Reaching an agreement in debates, especially in democratic settings, could be difficult due to attendees' different ideological, political, and social views. However, recent research reveals that Google DeepMind has trained a system of LLMs to operate as a mediator, generating summaries outlining a group of areas of agreement on complex but essential social or political issues.
This breakthrough may revolutionize how we handle contentious issues, especially in group settings where finding common ground is essential.
The Habermas Machine: A Tool for Mediation
Named after the philosopher Jürgeb Habermas, Google DeepMind's AI tool, the "Habermas Machine"(HM), was designed to mediate group discussions by summarizing opposing viewpoints and highlighting areas of agreement. Unlike traditional AI models focusing on persuasion, HM has been developed to act as an unbiased mediator. It analyses group opinions and suggests all statements representing collective views.
More than 5000 people were used to test the tool's effectiveness. Groups were asked whether the National Health Service (NHS) should be privatized or if the voting age should be lowered to 16. The AI then summarises the group's opinions, which participants critique. When the participants were asked to rank the final AI-generated statements, more than half preferred these over those made by human mediators. This demonstrates how AI can mediate arguments more effectively than people, leading to better, more palatable results.
AI’s Role in Facilitating Agreement
AI's ability to combine various viewpoints and generate a collective summary highlights its function as a debate mediator. According to Christopher Summerfield, research director at the UK AI Safety Institute, AI can function similarly to citizen assemblies and deliberative posts aiming to provide a platform for divorce perspectives. With AI, these procedures can be expanded without compromising the standard of discussion or the inclusion of all voices.

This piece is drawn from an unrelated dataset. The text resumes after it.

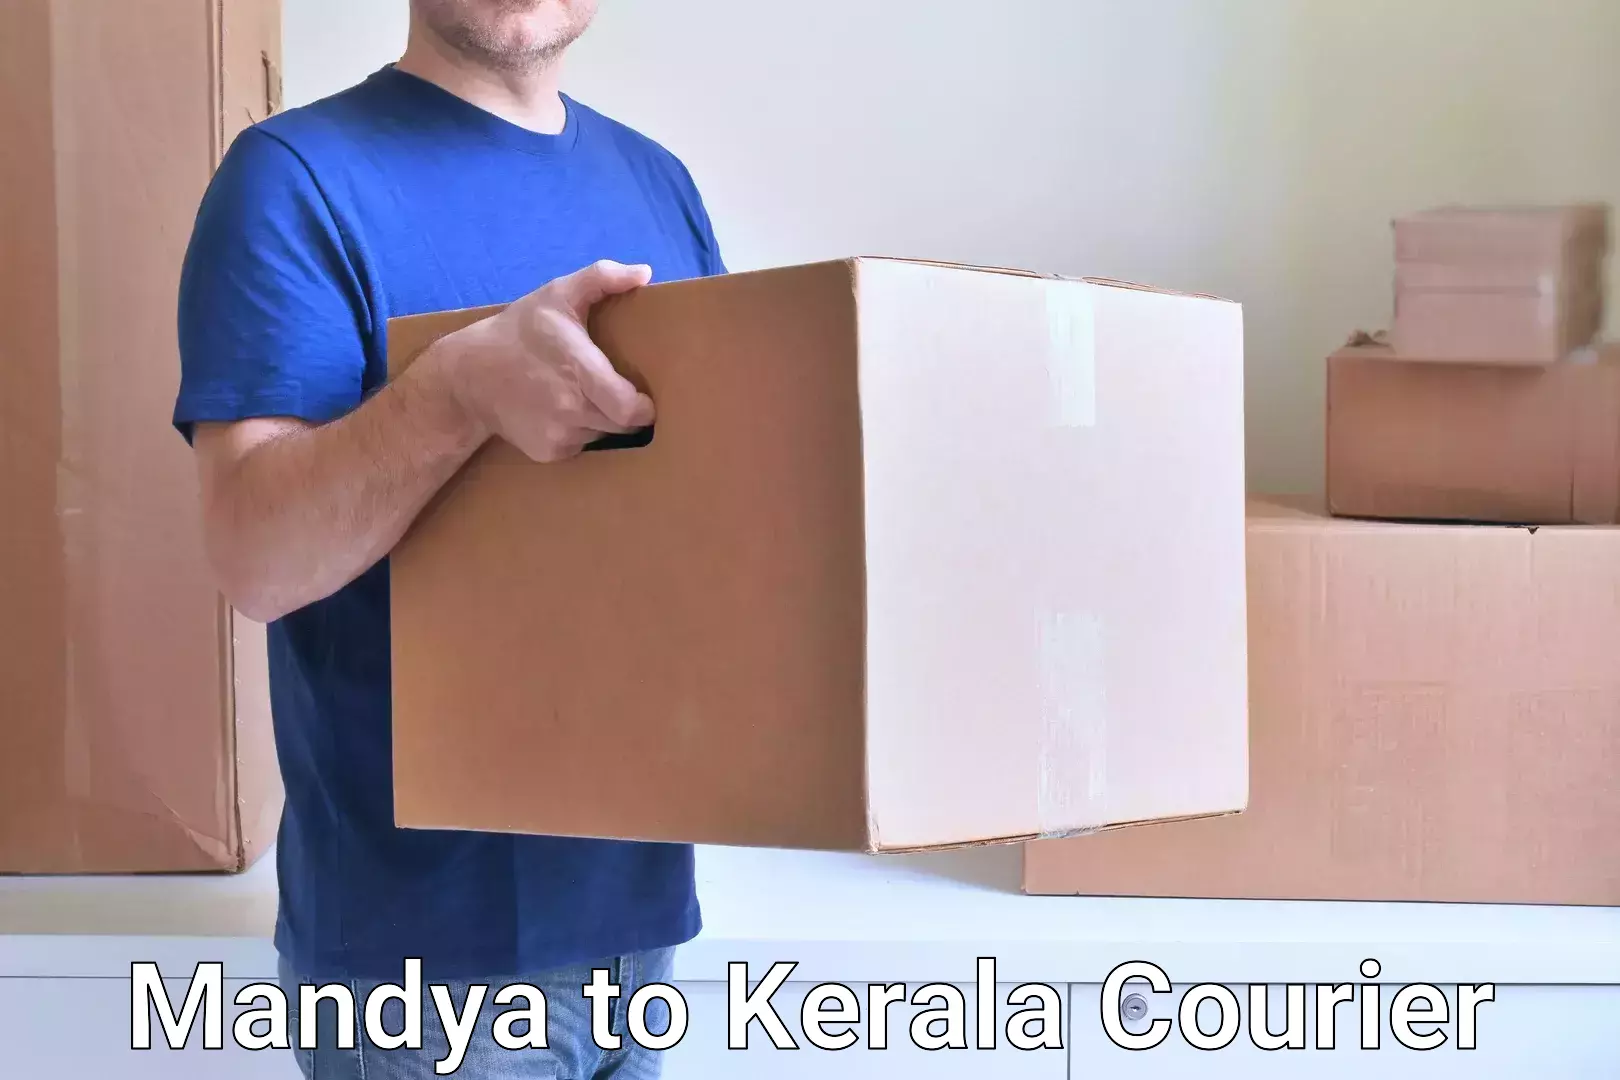 Customer-focused courier Mandya to Thiruvananthapuram
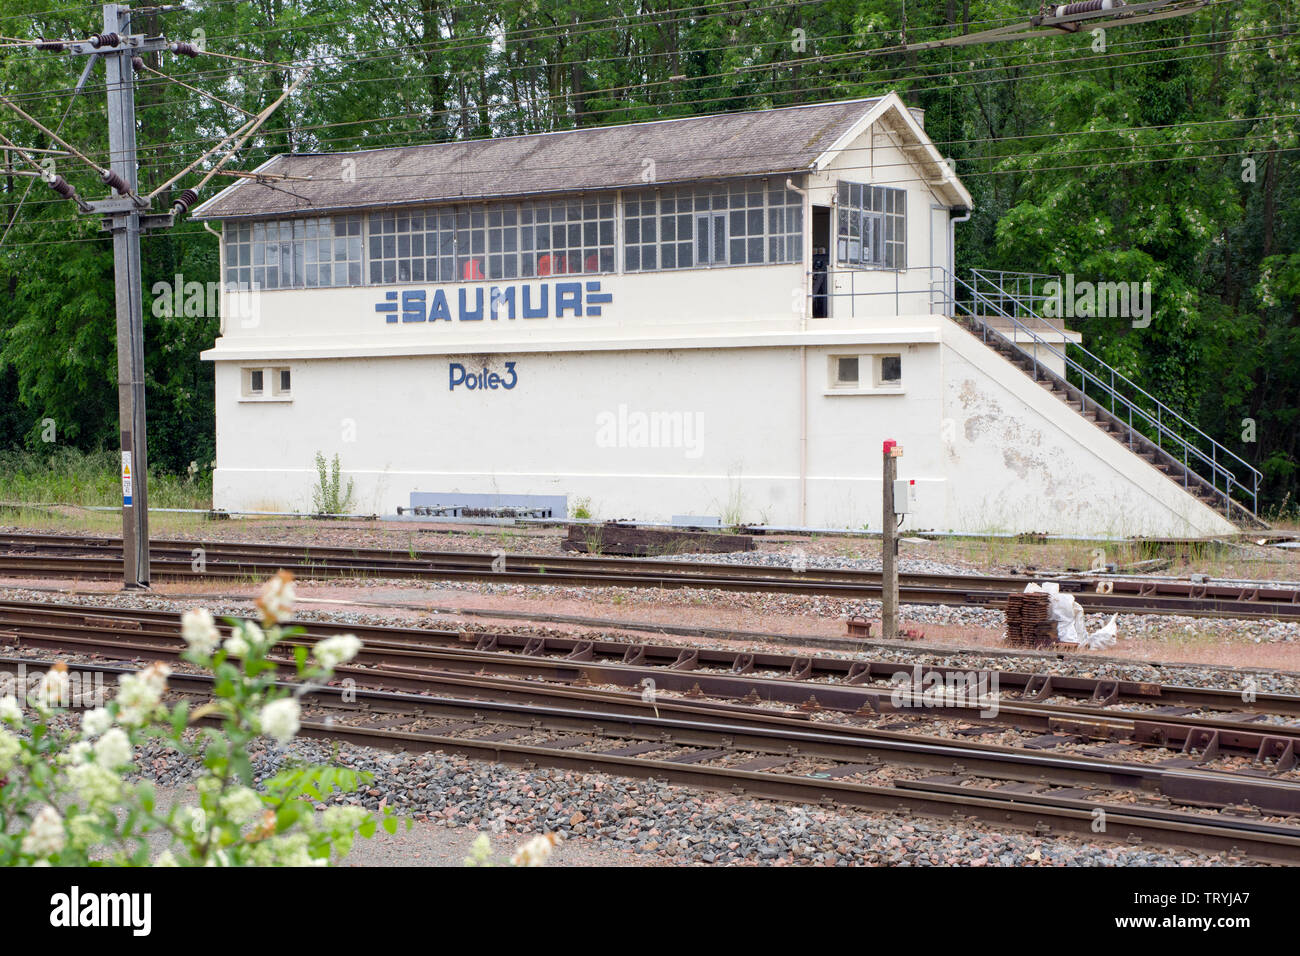 Signal ferroviaire fort Saumur Poste 3 SNCF Banque D'Images

The HM uses two large language models: one for generating statements reflecting the group's varied views and the other one to score the statements based on how appealing they are to participants. This approach has been shown to increase the possibility of collective action by assisting participants with different opinions in reaching an agreement. By encouraging agreement, AI can make debates more efficient and productive, especially in settings where finding common ground is essential for policymaking.
Potential and Limitations of AI Mediation
While AI has much potential to mediate debates, some limitations remain. The HM lacks certain features required for real-world mediation, like fact-checking and preserving topic significance, as noted by Google DeepMind research scientist Michael Henry Tessler. All the shortcomings highlight the requirement for careful implementation and additional research before the widespread adoption of AI mediation tools.
Additionally, concerns have been raised about AI's impact on the human aspect of deliberation. Many critics, including Sammy McKinney from the University of Cambridge, worry that AI may remove the essential human element from discussions. Even if AI is efficient, human engagement during arguments is vital as it promotes empathy and understanding.